On 31 July 2019, the UK Gambling Commission announced that Ladbrokes Coral would pay £5.9m for past failings in anti-money laundering and social responsibility. An investigation found that the companies failed to put in place effective safeguards, to prevent consumers suffering gambling harm and against money laundering, between November 2014 and October 2017.

On 14 February 2020, the Liquor and Gaming New South Wales regulatory agency imposed a fine of AUD207,500 on Ladbrokes Australia and another GVC Holdings brand, Neds, for offering illegal gambling inducements to residents in New South Wales. The regulator called it "the biggest ever fine of its kind" in NSW.

On 21 December 2022, the Advertising Standards Authority ruled that an advertisement that Ladbrokes ran in October 2022, featuring Premier League footballers Philippe Coutinho, Jesse Lingard and Kalidou Koulibaly, was irresponsible and breached the UK Code of Non-broadcast Advertising and Direct & Promotional Marketing as it had a strong appeal to those under 18 years of age.
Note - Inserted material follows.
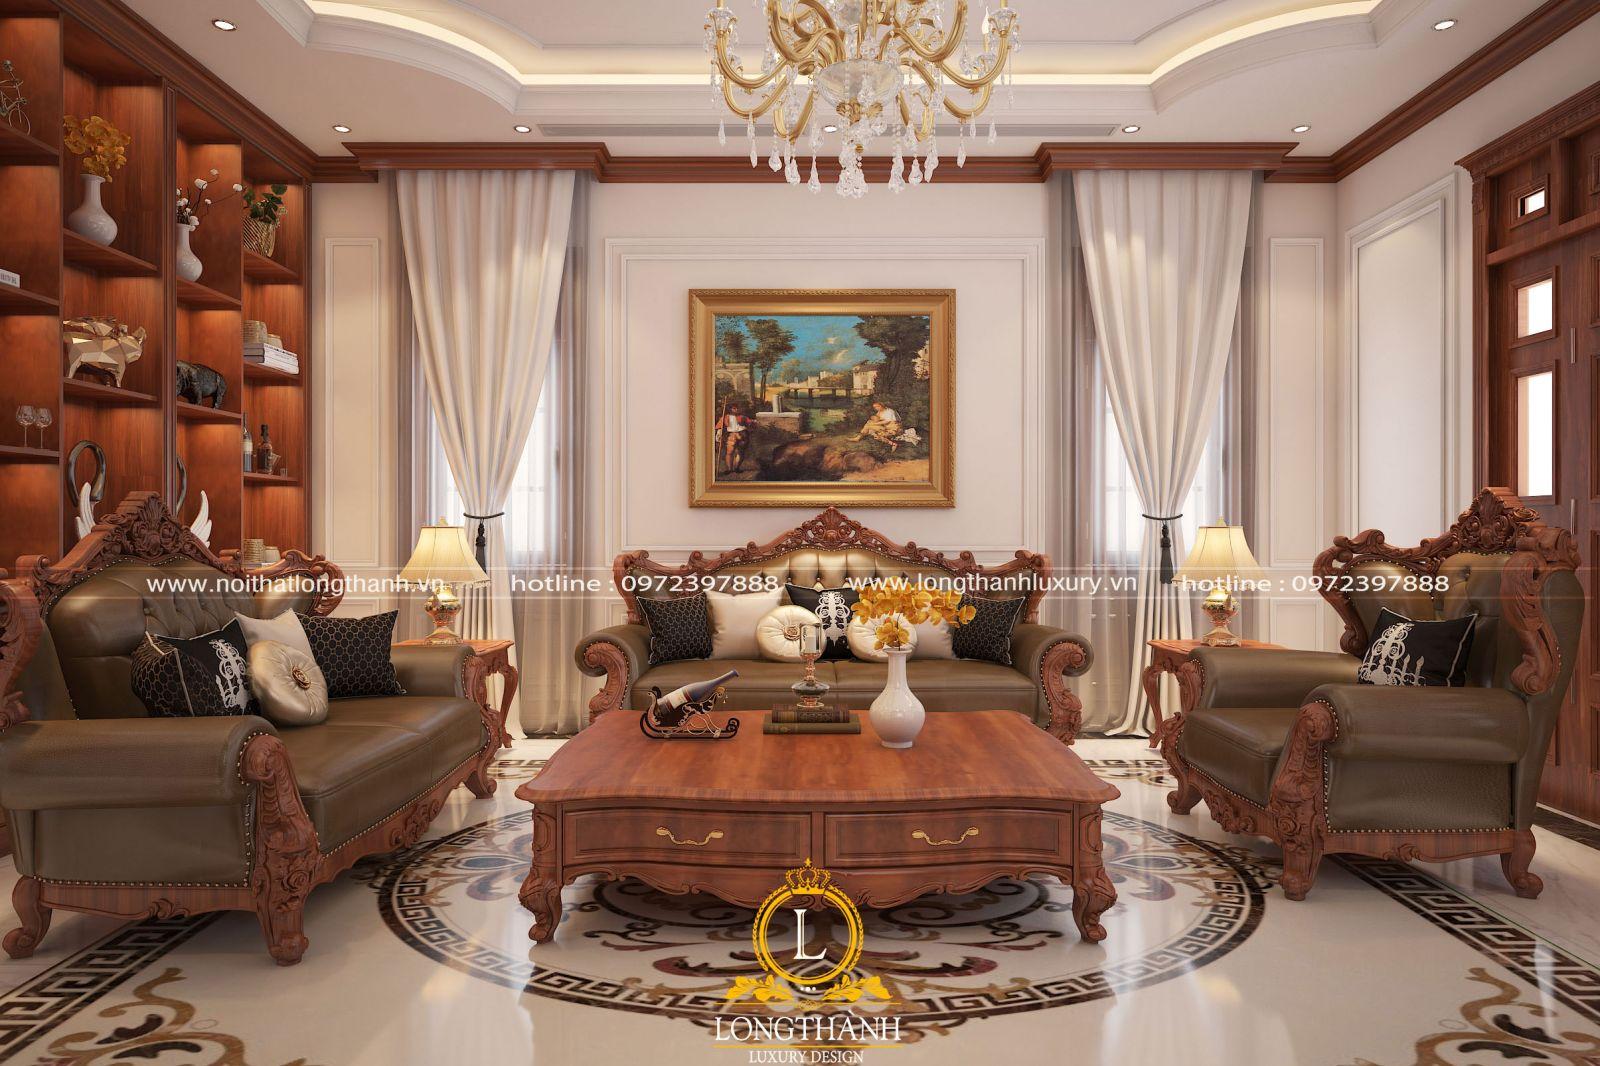 Mẫu sofa tân cổ điển cho không gian phòng khách cao cấp

In 2025, the company faced criticism for running gambling advertisements through a parents' app linked to schools. Ladbrokes removed the ads and committed to more careful placement in the future.

== Sponsorship ==
In 2023, Ladbrokes became the official betting partner of Liverpool F.C.. The company also sponsors horse racing events, including the Ladbrokes Chester Cup, Christmas Hurdle at Ascot, and the Thirsk Hunt Cup.

Ladbrokes previously sponsored the Scottish Professional Football League (2015–2020), Sheffield United and Burnley (2016–2018), and the Rugby Football League Challenge Cup (2015–2018). It also supported darts competitions, such as the PDC World Darts Championship (2003–2014).